GENEVE, 30 mars 2007 (VCHR) – Salué par les diplomates occidentaux pour cette avancée de l’Etat de droit, le Vietnam a annoncé cette semaine l’abrogation du décret 31/CP sur la “détention administrative”, texte permettant de détenir sans procès les dissidents et les opposants au gouvernement. Cependant, dans un exposé écrit à l’intention du Conseil des Droits de l’Homme de l’ONU à Genève, le Comité Vietnam pour la Défense des Droits de l’Homme a souligné le fait que les autorités communistes ont omis de dire qu’elles disposaient d’une loi moins connue mais plus répressive encore, l’Ordonnance 44 sur “le règlement des violations administratives”. Celle-ci donne aux autorités locales de plus larges pouvoirs non seulement d’arrêter et de détenir les personnes soupçonnées d’atteintes à la “sécurité nationale”, mais également de les placer en hôpital psychiatrique ou en « camps de réhabilitation” selon leur bon vouloir.
M. Vo Van Ai, Président du Comité Vietnam pour la Défense des Droits de l’Homme et de Quê Me : Action pour la Démocratie au Vietnam, a décrit l’Ordonnance 44 (réf. 44/2002/PL-BUTVQH10), adoptée par le Comité permanent de l’Assemblée Nationale au mois de juillet 2002 et entrée en vigueur le 1er octobre 2002, comme encore plus prohibitive que le décret 31/CP. Elle donne en effet pouvoir aux comités populaires provinciaux et de district de détenir sans procès les citoyens “qui ont violé les lois sur la sécurité, l’ordre public et la sûreté sociale, mais dont les délits ne sont pas assez sérieux pour justifier des poursuites [judiciaires]”. Alors que le décret 31/CP n’autorisait que la détention administrative, l’Ordonnance 44 permet trois types de détention pour une période de 6 mois à 2 ans : La détention dans des “institutions éducatives” (article 25), l’internement dans des “services de santé” (article 26) et la détention administrative (article 27). Les deux premiers peuvent être ordonnés par les comités populaires de district, le dernier requiert l’approbation du président du comité populaire provincial. Les “institutions éducatives” désignent généralement les camps de réhabilitation ou Centres de Protection Sociale où les “mauvais éléments sociaux”, comme les prostituées, les toxicomanes, les enfants des rues ou les dissidents, peuvent être incarcérés sans procès, souvent dans des conditions de détention inhumaines. Le Ministre de la Sécurité Publique et le Ministre du Travail, des Invalides de guerre et des Affaires Sociales travaillent conjointement pour créer de nouveaux centres si nécessaire. Les “services de santé” comprennent les hôpitaux et institutions psychiatriques. Au mois de novembre 2006, l’avocate Bui Thi Kim Thanh avait été internée à l’Hôpital psychiatrique de Bien Hoa à Saigon pour avoir défendu des fermiers expropriés et protesté contre les confiscations des terres par l’Etat. Elle avait ensuite été relâchée mais est restée traumatisée par cette expérience.
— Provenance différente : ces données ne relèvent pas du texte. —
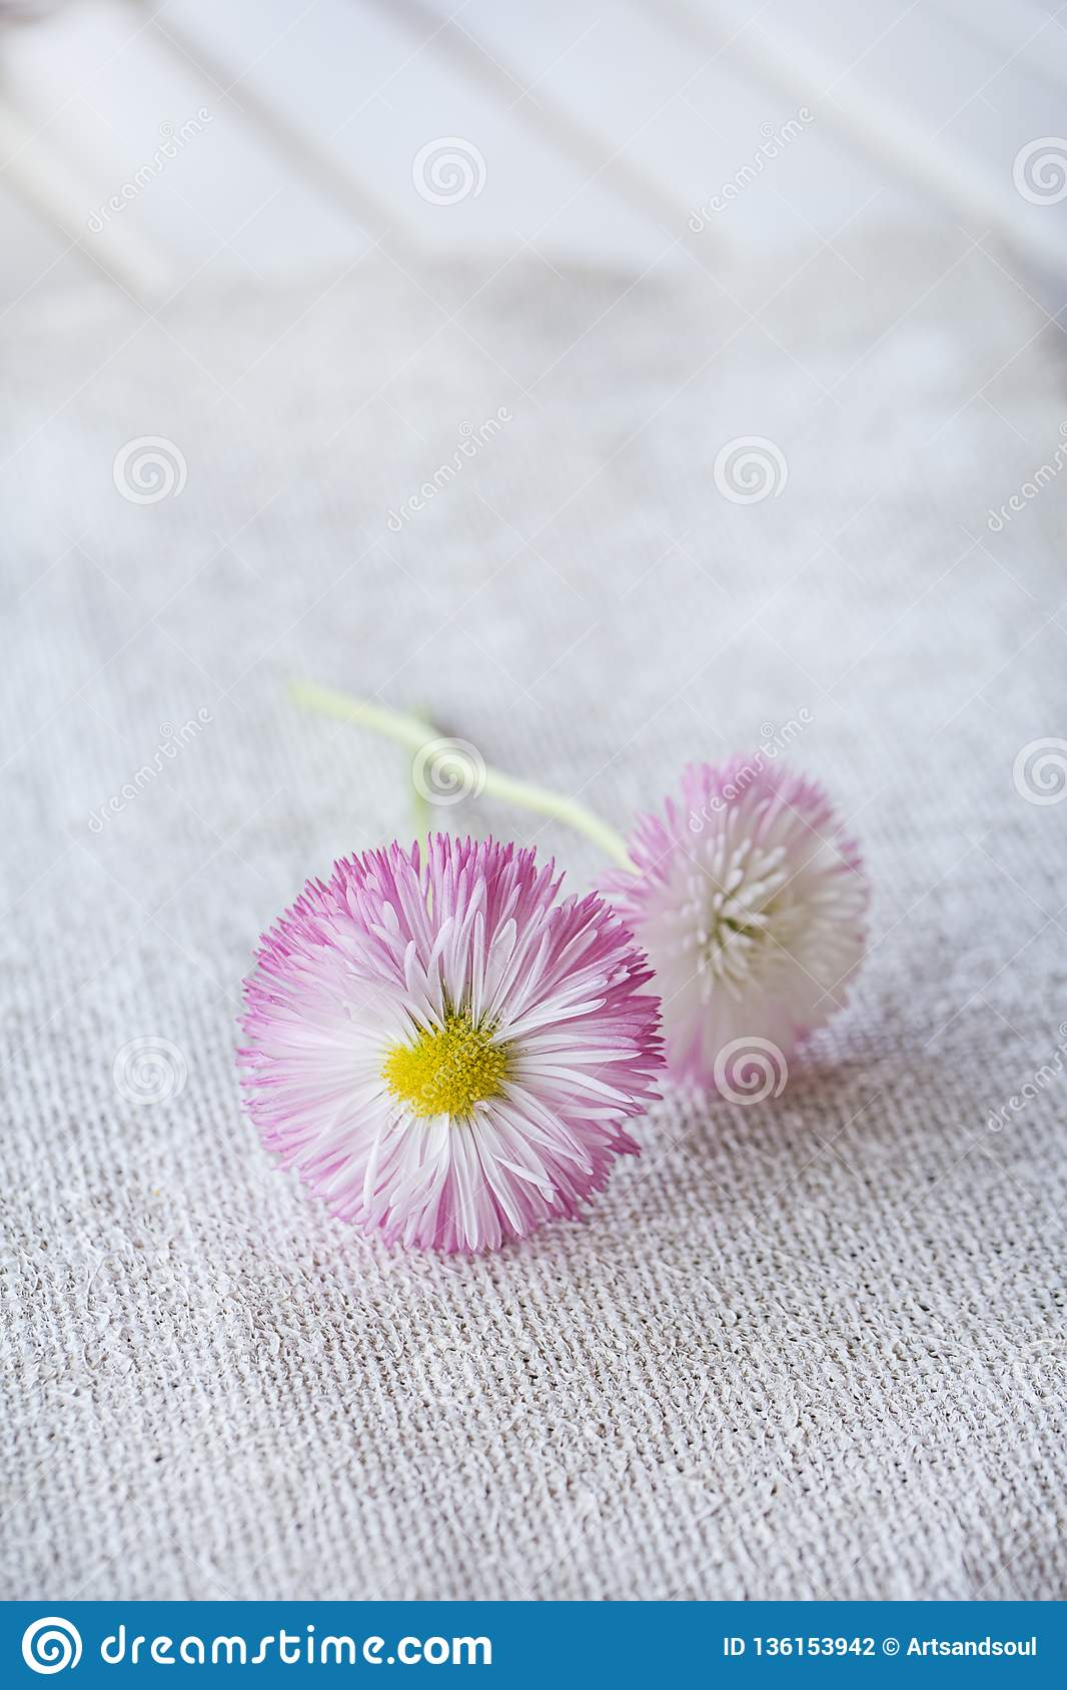 Daisy Flowers On Burlap delicata

“L’abrogation du décret 31/CP est une fausse bonne mesure qui sert à amadouer la communauté internationale”, a dénoncé Vo Van Ai. “Le régime vietnamien reste un maître dans l’art de la dissimulation. Avant d’abroger le décret 31/CP, il avait adopté un texte encore plus répressif contre les dissidents. Avec l’Ordonnance 44 de 2002, on est revenu à l’ère soviétique des hôpitaux psychiatriques et autres camps de rééducation”.
Le Comité des Droits de l’Homme avait fermement dénoncé le décret 31/CP en juillet 2002 lorsqu’il avait examiné le rapport périodique du Vietnam sur l’application du Pacte international relatif aux droits civils et politiques, et demandé son abrogation immédiate. Au même moment, le Vietnam adoptait la nouvelle Ordonnance 44 afin de faire perdurer la légalisation de ses pratiques arbitraires.